▸ Data listing:
++++++++++

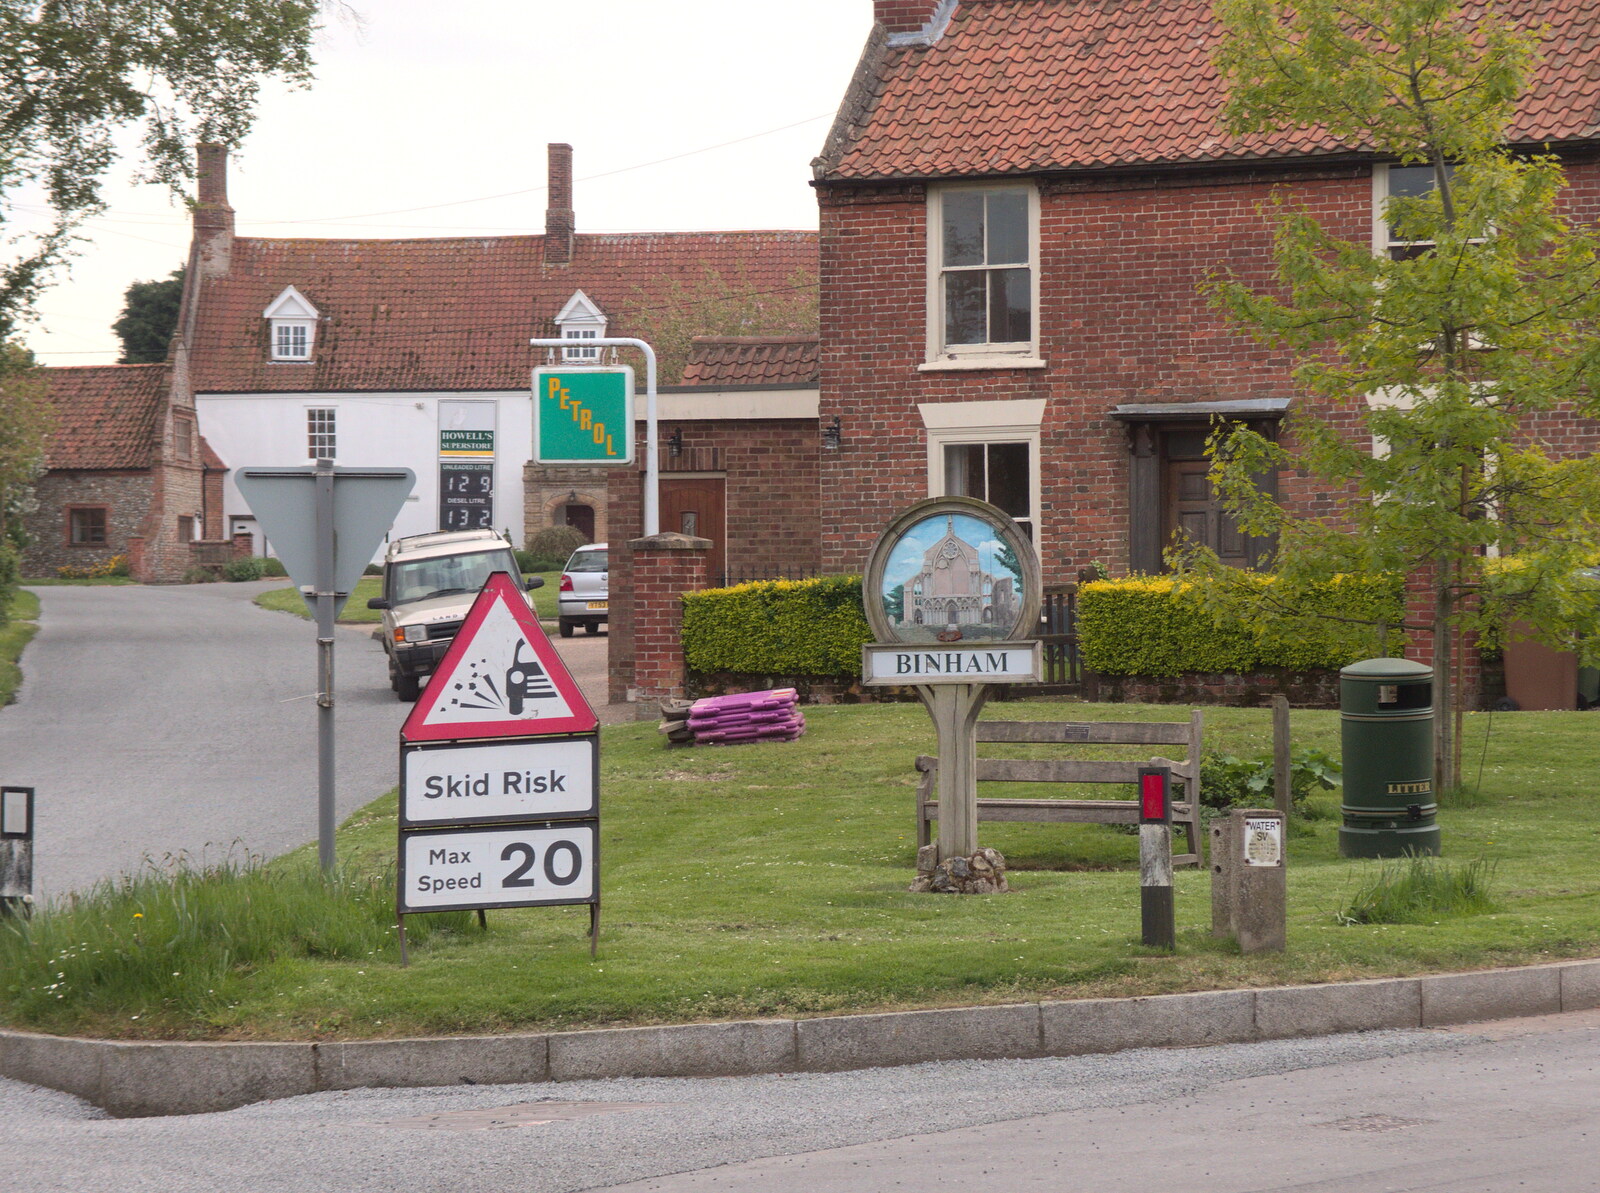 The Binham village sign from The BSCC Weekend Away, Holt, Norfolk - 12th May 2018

++++++++++

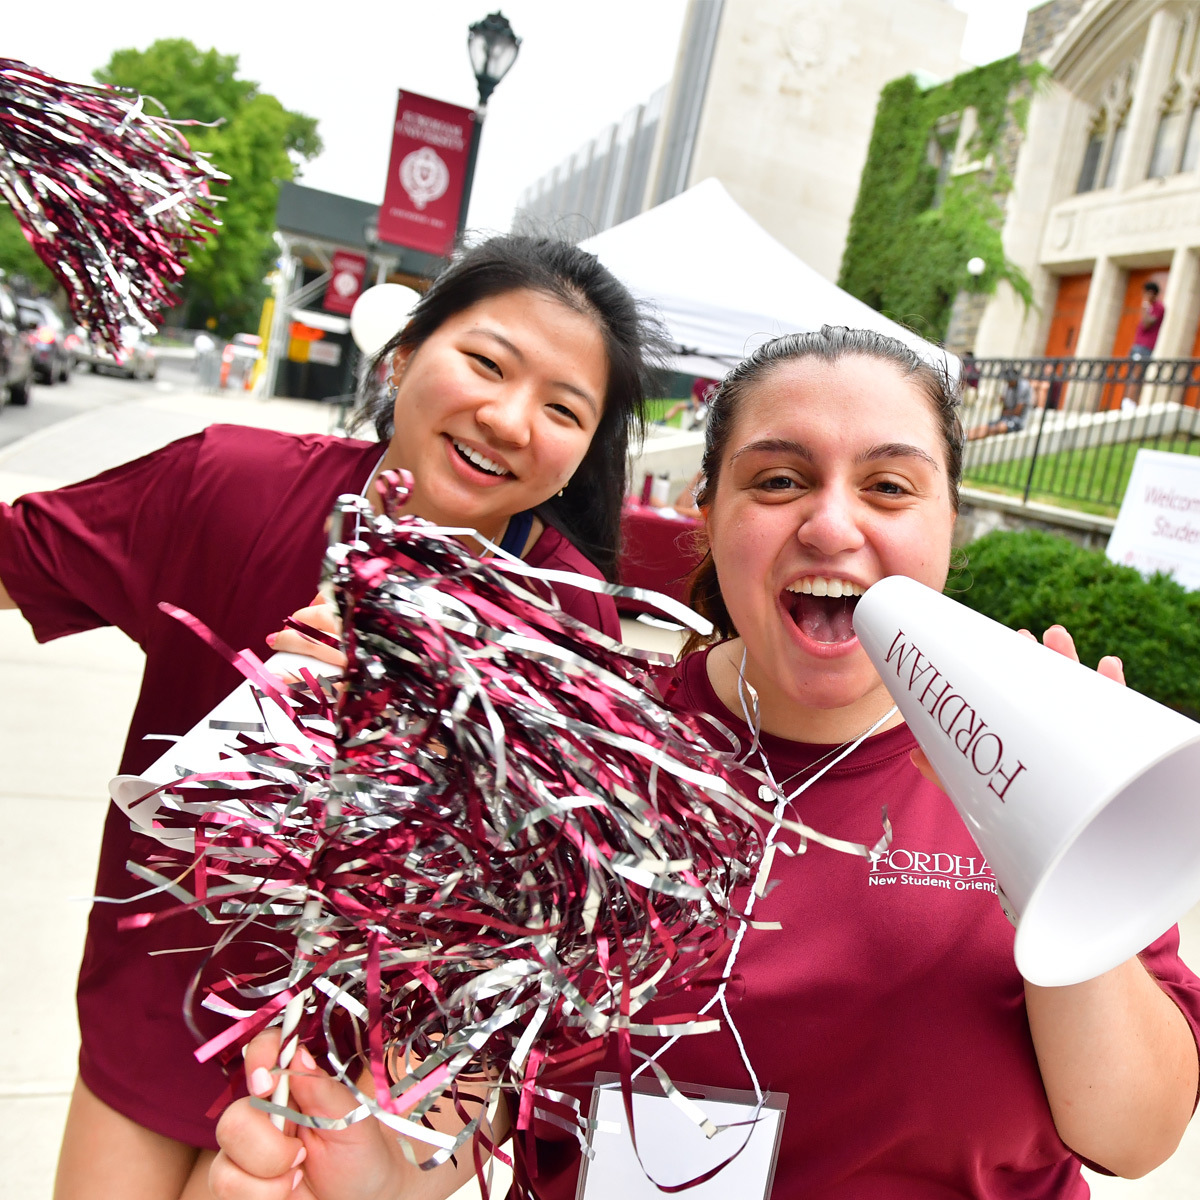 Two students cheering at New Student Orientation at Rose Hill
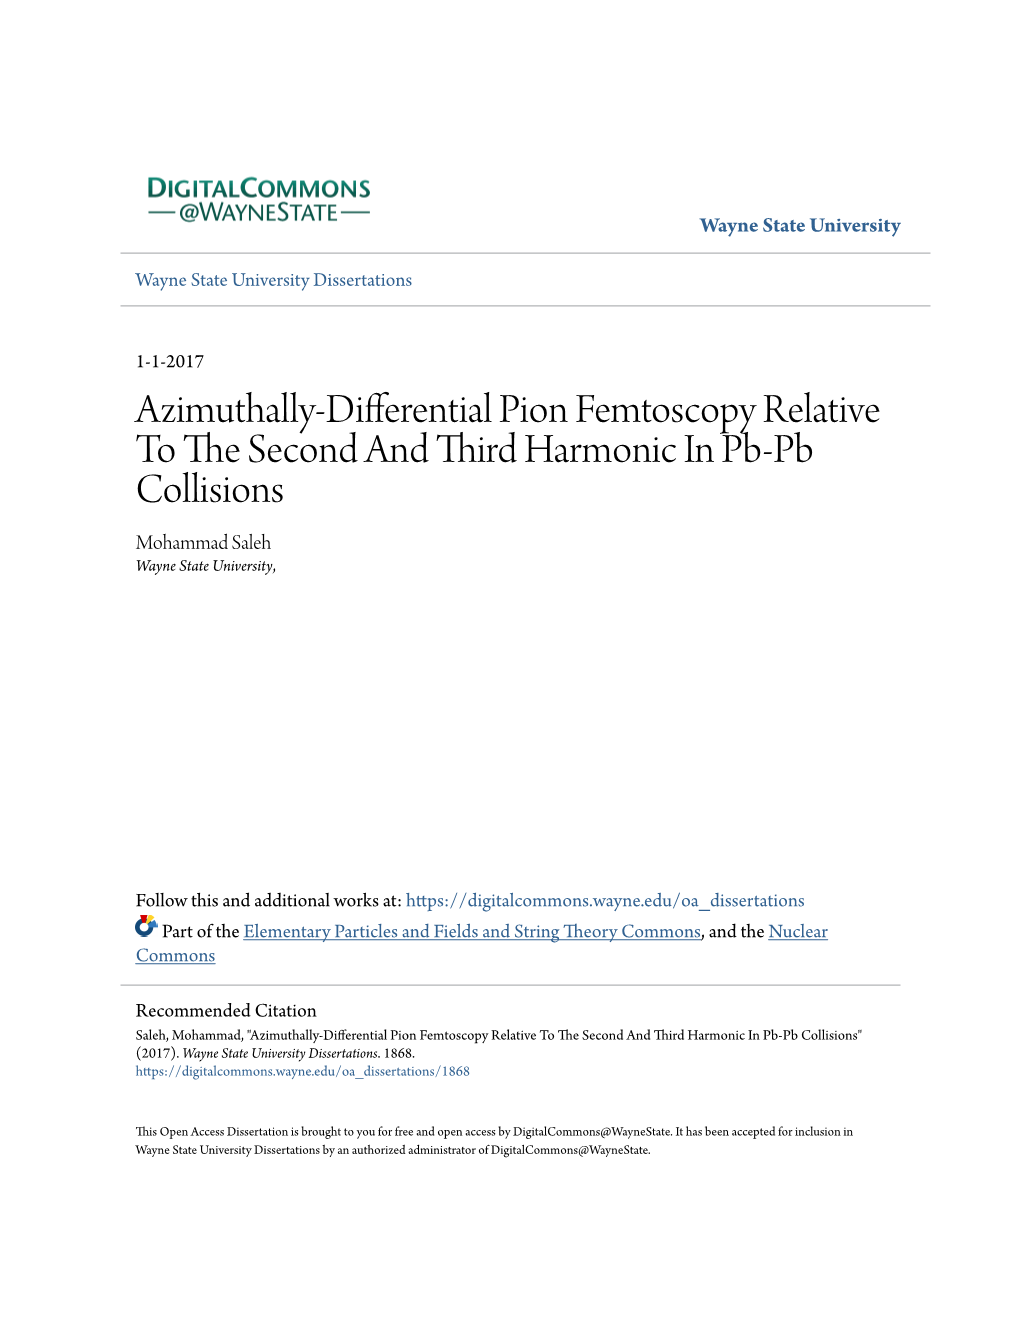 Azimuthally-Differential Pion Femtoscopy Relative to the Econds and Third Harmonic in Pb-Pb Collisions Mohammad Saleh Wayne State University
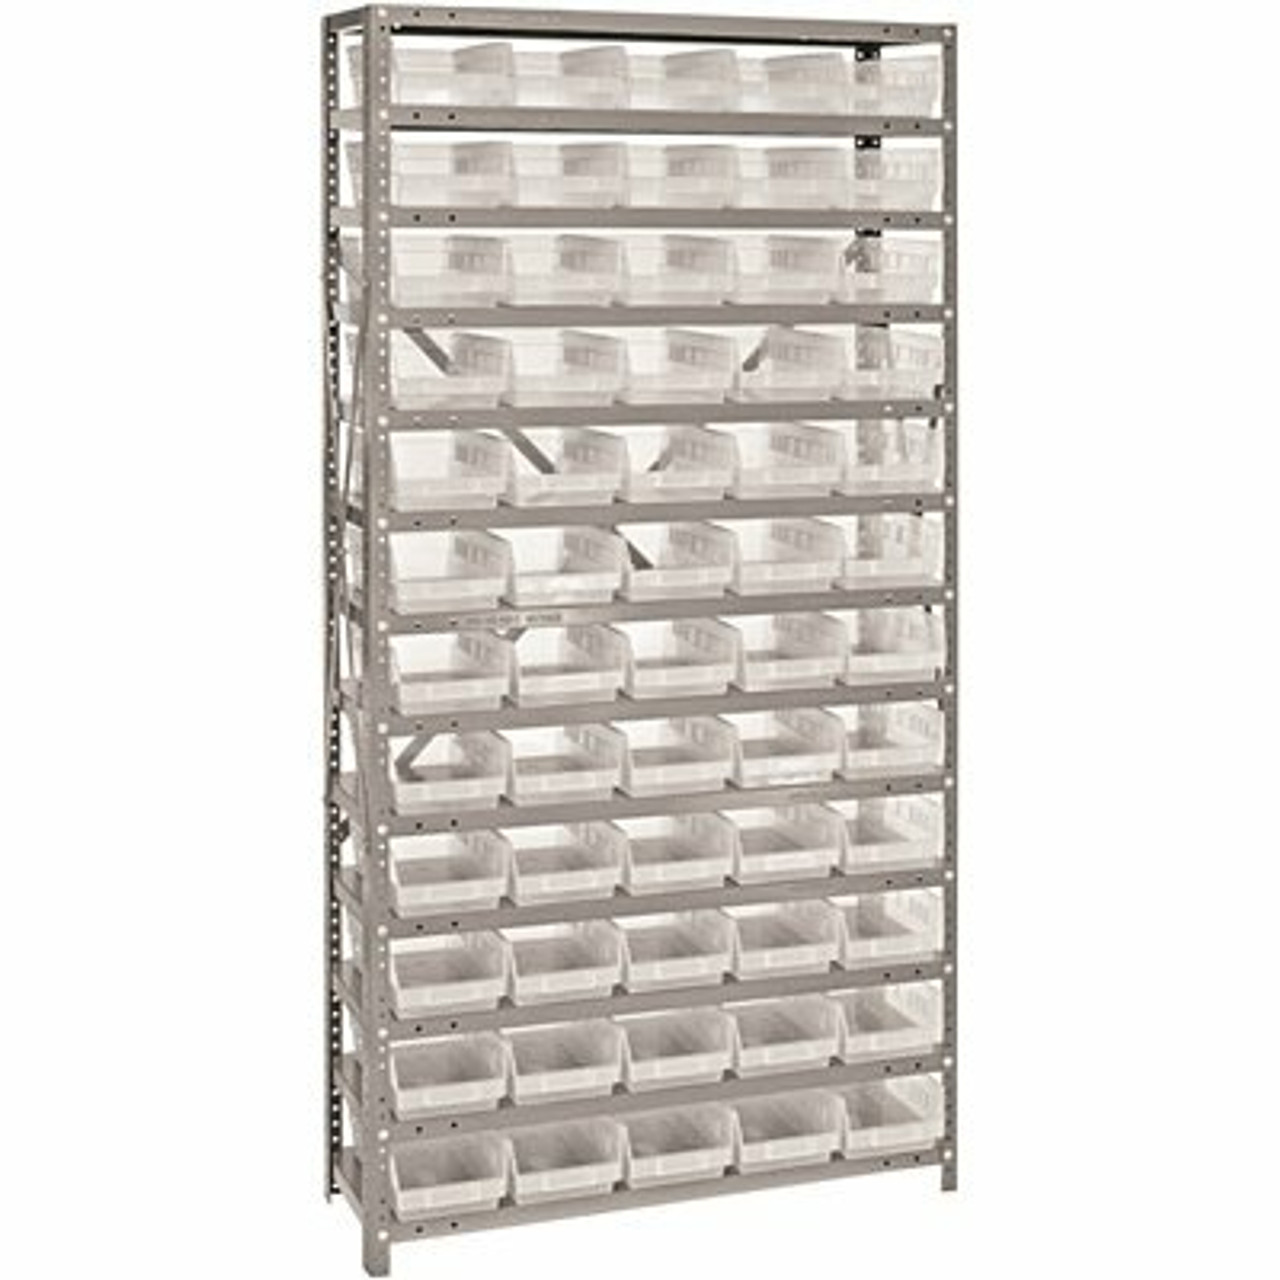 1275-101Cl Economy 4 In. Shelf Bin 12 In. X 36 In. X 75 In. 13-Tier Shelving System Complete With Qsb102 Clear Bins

++++++++++

▸ Work item: Leaving out each picture, repeat exactly the lines above from the one that contains "Azimuthally-Differential Pion Femtoscopy" through the one that contains "1275-101Cl Economy 4".

▸ Result:
 Azimuthally-Differential Pion Femtoscopy Relative to the Econds and Third Harmonic in Pb-Pb Collisions Mohammad Saleh Wayne State University
 1275-101Cl Economy 4 In. Shelf Bin 12 In. X 36 In. X 75 In. 13-Tier Shelving System Complete With Qsb102 Clear Bins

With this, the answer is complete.